To our knowledge, this study is the phylogenetically most diverse analysis of DNA methylation in Ecdysozoa, to date. Several recent projects have investigated DNA methylation in species of Ecdysozoa but they have focused on different subgroups, i.e., Hexapoda (Bewick et al. 2017; Provataris et al. 2018), Arthropoda (Lewis et al. 2020; Thomas et al. 2020) and Nematoda (Rošić et al. 2018). In our study, we have investigated a similar number of orders from the before mentioned groups. Of the arthropod subphylum Chelicerata we included a larger number of orders and therefore were able to predict an additional loss of DNA methylation. In addition, we included species from Priapulida, Onychophora, and Tardigrada. The presence of DNA methylation has been investigated in none of these phyla before. In Tardigrada, we predict an additional, previously unknown, loss of DNA methylation. All of our data were analyzed with the same computational pipeline for detecting DNA methyltransferase enzymes and predicting DNA methylation based on the CpG ratios. The results are therefore comparable over a large phylogenetic range, spanning more than 700 million years (Kumar et al. 2017) of ecdysozoan evolution. Our analysis of five out of seven Ecdysozoa phyla confirms that the evolution of DNA methylation in Ecdysozoa proceeds independently in each phylum. It is therefore of great interest to perform experimental studies in each of these phyla to discover different evolutionary adaptations DNA methylation might have undergone.

Presence and Absence of DNA Methyltransferases

Overall, our data show that both individual DNMTs and DNA methylation as a process have been lost independently in multiple lineages. Since the absence of an enzyme is difficult to prove conclusively, we rely on data from related species and invoke parsimonious patterns to identify loss events with confidence: the lack of evidence for a DNMT in an entire clade of related species makes a loss event a very plausible explanation.

There are several reasons why a DNMT may escape detection. The most prominent cause is a low quality, fragmented genome assembly. Not finding a homolog in a species with a high quality, completed genome assembly, in particular in model organisms such as Caenorhabditis elegans and Drosophila melanogaster makes a negative search result more reliable. It is also possible that a protein has diverged so far that it is no longer recognizable as a homolog in the target organism by the search method used. This explanation becomes more likely in groups, such as Tardigrada or Nematoda, where the closest known homolog of DNMT enzymes is quite far away. If they have diverged extensively it is more likely to miss existing DNMTs. Nevertheless, as long as the catalytic domain of the enzymes still performs the same function we should be able to find the enzyme. The predicted phyletic pattern of DNMT losses is quite different in Arthropoda and Nematoda. DNMT1 is found in most arthropod species analyzed in our study. Three independent loss events of DNMT1 are suggested by our data (Fig. 3). In Nematoda, only two events of DNMT1 loss are suggested but they occur earlier in the evolution of the studied nematode species. Therefore, only in two species DNMT1 can still be detected.

DNMT2 is most likely present in all Arthropoda. The absence in two individual species is probably a technical artifact since DNMT2 enzymes are present in closely related species in both cases. In Nematoda, absence of DNMT2 enzymes is fare more frequent. Given the near perfect conservation of DNMT2 in other metazoan species, this is rather unexpected. Interestingly, the candidate DNMT2 sequences are clearly more divergent compared to those in Arthropoda, which may hint at false-positive predictions of 13 DNMT2 enzymes. In this case, a single loss event either after divergence of clade I or both, clade I and clade P, is plausible.

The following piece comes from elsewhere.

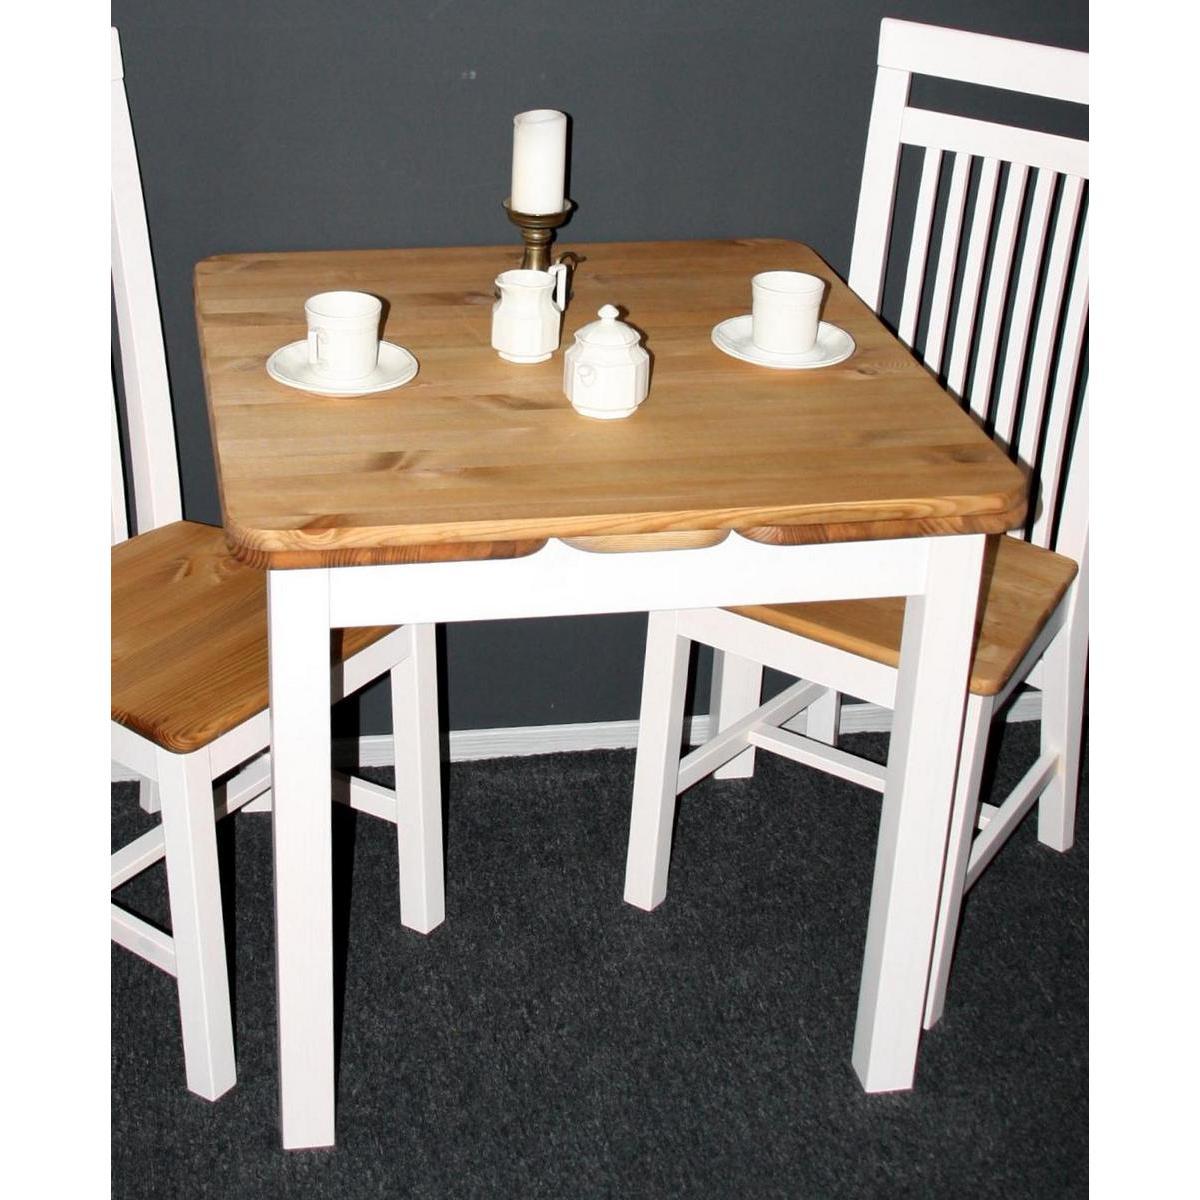 Küchentisch Massivholz Ausziehbar Weiß : Massivholz Esstisch Küchentisch Kiefer massiv weiß gelaugt geölt 2 ...

DNMT3 seems to be the most dispensable member of the DNMT family. According to our data, it was lost eight times in Arthropoda. It only occurs in combination with DNMT1 and is lost prior to or simultaneously with loss of DNMT1. In Nematoda, DNMT3 is present in all members of clade I and absent in all other clades. Interestingly, in all but one species of clade I, we detected a DNMT3 in the absence of DNMT1.

Absence of DNMT3 in the presence of DNMT1 is frequently associated with low levels of CpG depletion. The weak bimodality of the CpG ratio distribution may be the consequence of a return to an unbiased, unimodal distribution caused by decaying methylation levels due to failure to (re-)establish and maintain methylation. Under certain conditions, DNMT1 may have weak de novo activity (Dahlet et al. 2020). The molecular mechanism involves binding to unmethylated CpGs via the CXXC domain and auto-inhibition of de novo methylation (Song et al. 2011). Via its regulatory domains DNMT1 interacts with epigenetic factors which may be involved in regulating DNMT1 de novo activity.

The loss events as defined in this study are well supported by the absence of the enzymes in related species, see the colored stars in Figs. 3, 4 and supplementary Fig. 1. More precisely, a loss is only inferred if the respective DNMT could not be found in all species of the respective subtree and if it contains at least 2 species. Considering the problems in gene detection, these rules remove cases where the poor quality of single genomes may prevent the detection of DNMTs. In Arthropoda, all members of the DNMT family can be identified in several species of each subphylum. Therefore it is unlikely that the negative predictions are caused by extreme divergence of protein sequences that might have rendered them undetectable by homology search methods. The N50 value (that is, 50% of the genome is covered by contigs with a length of at least N50) serves a good measure of assembly quality for our purposes. In Arthropoda, five species are missing DNMT1 or DNMT3 and are not covered by the loss events we propose. The genomes of Diaphorina citri (Hemiptera), Armadillidium vulgare (Multicrustacea) and Oryctes borbonicus (Coleoptera) are the 13th, 8th and 7th worst assemblies in Arthropoda according to the N50 value, see supplementary Table 1. The N50 for D. ponderosae (Coleoptera) is around average and for Anoplodactylus insignis (Chelicerata) only a transcriptome is available. It is difficult therefore, to interpret these potential loss events. A more reliable prediction will be possible when better genomes or data from more closely related species becomes available.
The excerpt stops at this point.